Glossostigma elatinoides or Hemianthus callitrichoides? Express your opinion on which you prefer and why.


----------



## Paul Higashikawa (Mar 18, 2004)

I think it just depends on the layout. Afterall, these two plants are vastly different in terms of their leaf shape and colorations. Now, if you are comparing something that are more similar, such as HM vs. HC or the two-leaf HM vs. 3-leaf HM, then it would be more 'fair'. Just my take on this question.


----------



## xcooperx (Jun 24, 2006)

i'll choose HC, because of its very unique appearance and i think its more easy to maintain than glosso. But ofcourse you also need to considered your Tank Setup


----------



## Steven_Chong (Mar 17, 2005)

As Paul said,

Different plants with different texture and different use. That's all.


----------



## Gomer (Feb 2, 2004)

Steven_Chong said:


> As Paul said,
> 
> Different plants with different texture and different use. That's all.


QFT


----------



## gnatster (Mar 6, 2004)

I insist on being obstinate and stating this is one of the most ridiculous polls ever created on APC. 

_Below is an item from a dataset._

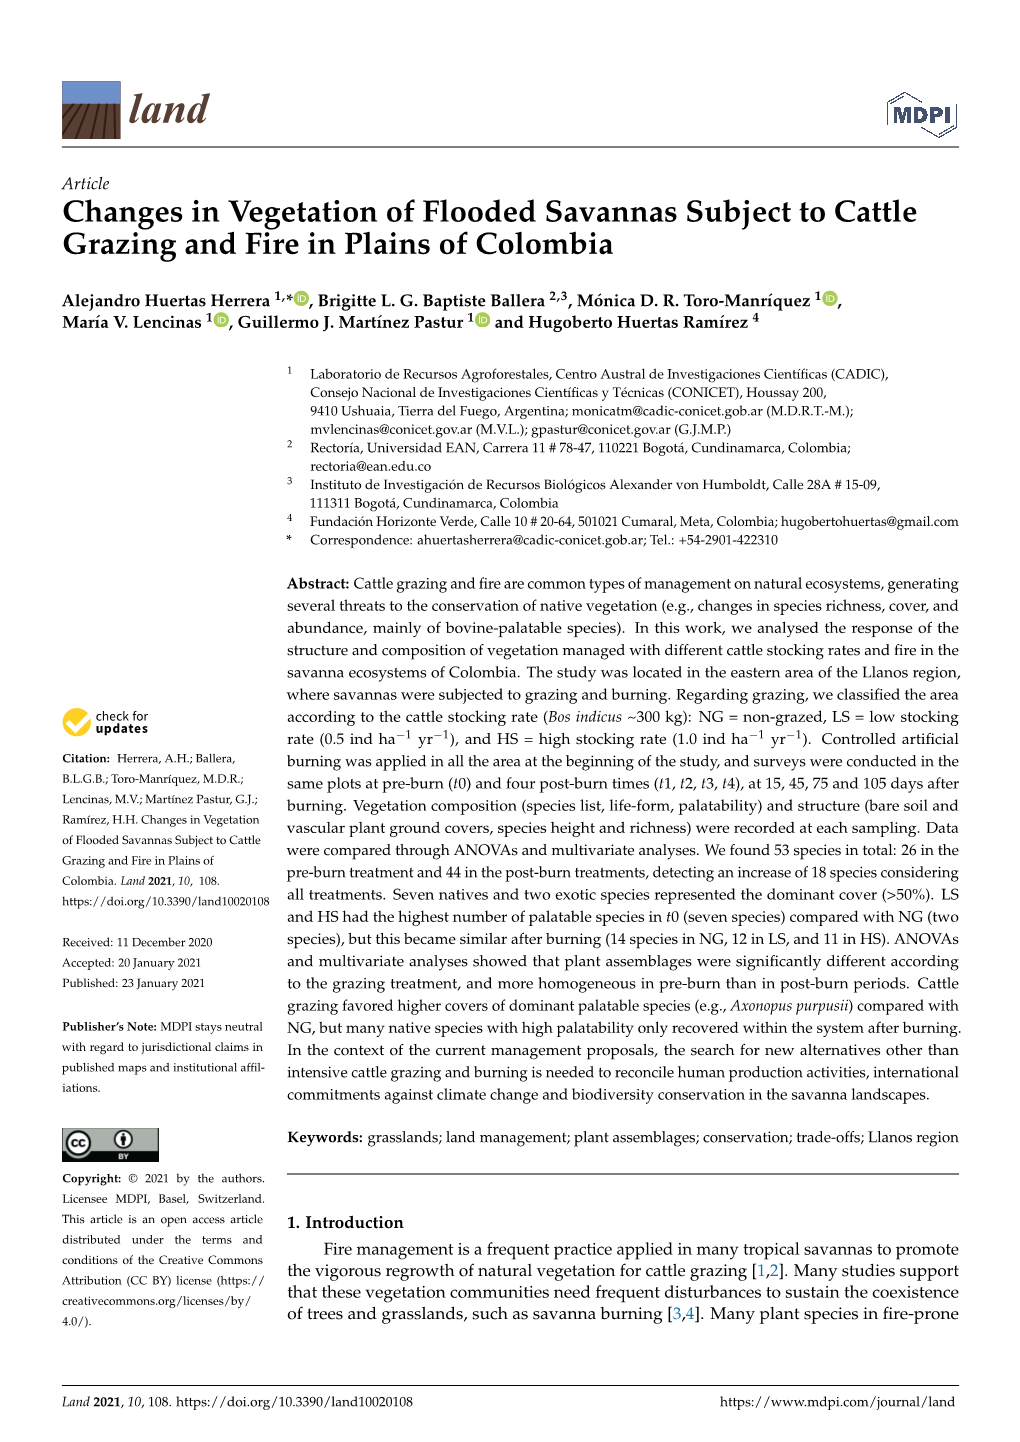 Changes in Vegetation of Flooded Savannas Subject to Cattle Grazing and Fire in Plains of Colombia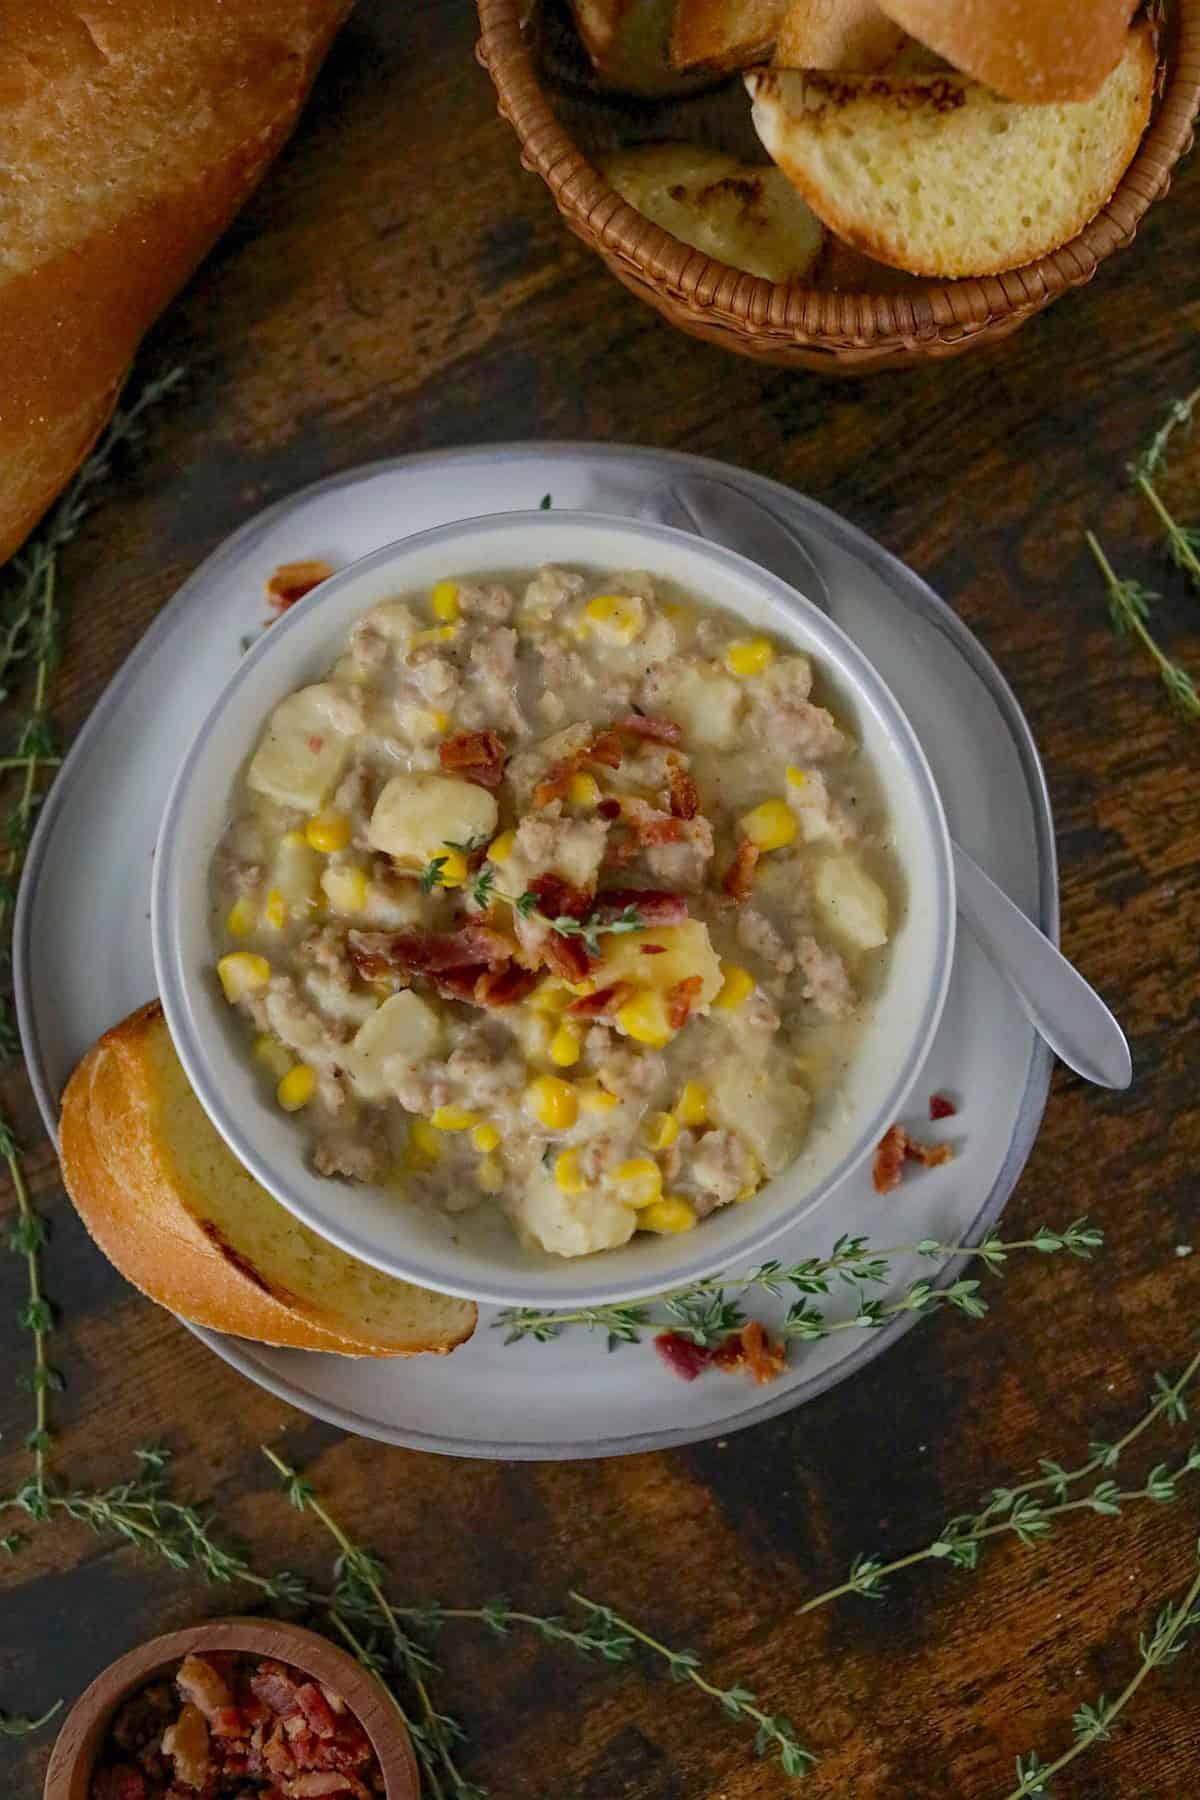 Bowl of corn chowder with sausage in a white bowl on a wood table.

Only Coke vs Pepsi would be more ridiculous. Therefore it is now closed


----------



## aquaman3000 (Dec 1, 2005)

The answer is obviously Coke, no question.  

This misinterpreted thread is my attempt to get input and opinions on the use of these two plants to help me with a foreground plant choice for my new layout.

It has been pointed out to me that without my aquarium details, it would be hard to comment. Here are the details of my setup.

110 gallon in wall aquarium, 60.5 L x 18.5 W x 23 H
Lighting 2 175 watt MH + 2 40 watt fluorescent
CO2 injection with controller
Dupla heating cables (Please, no dissertations about how useless you think think this is)
Substrate: Flourite/Estes gravel mix with Aqualine Buschke Terralit in bottom third.

Plants that will likely be used:

Amazon Sword
Alternanthera
Bolbitis
Crypts
Valisneria
Java Fern
Lagarosiphon
Java Moss
Hemianthus
Wisteria
Aponogeton

Which foreground plant would you prefer to use and why?


----------



## gf225 (Mar 26, 2005)

Glosso if you want an ultra-quick carpet that is more maintenance intensive.

HC if you want more sustainability and a finer leaf.

Both great plants.


----------



## hedson_25 (Sep 20, 2005)

anyway after a while of planting both your back will hurt....


----------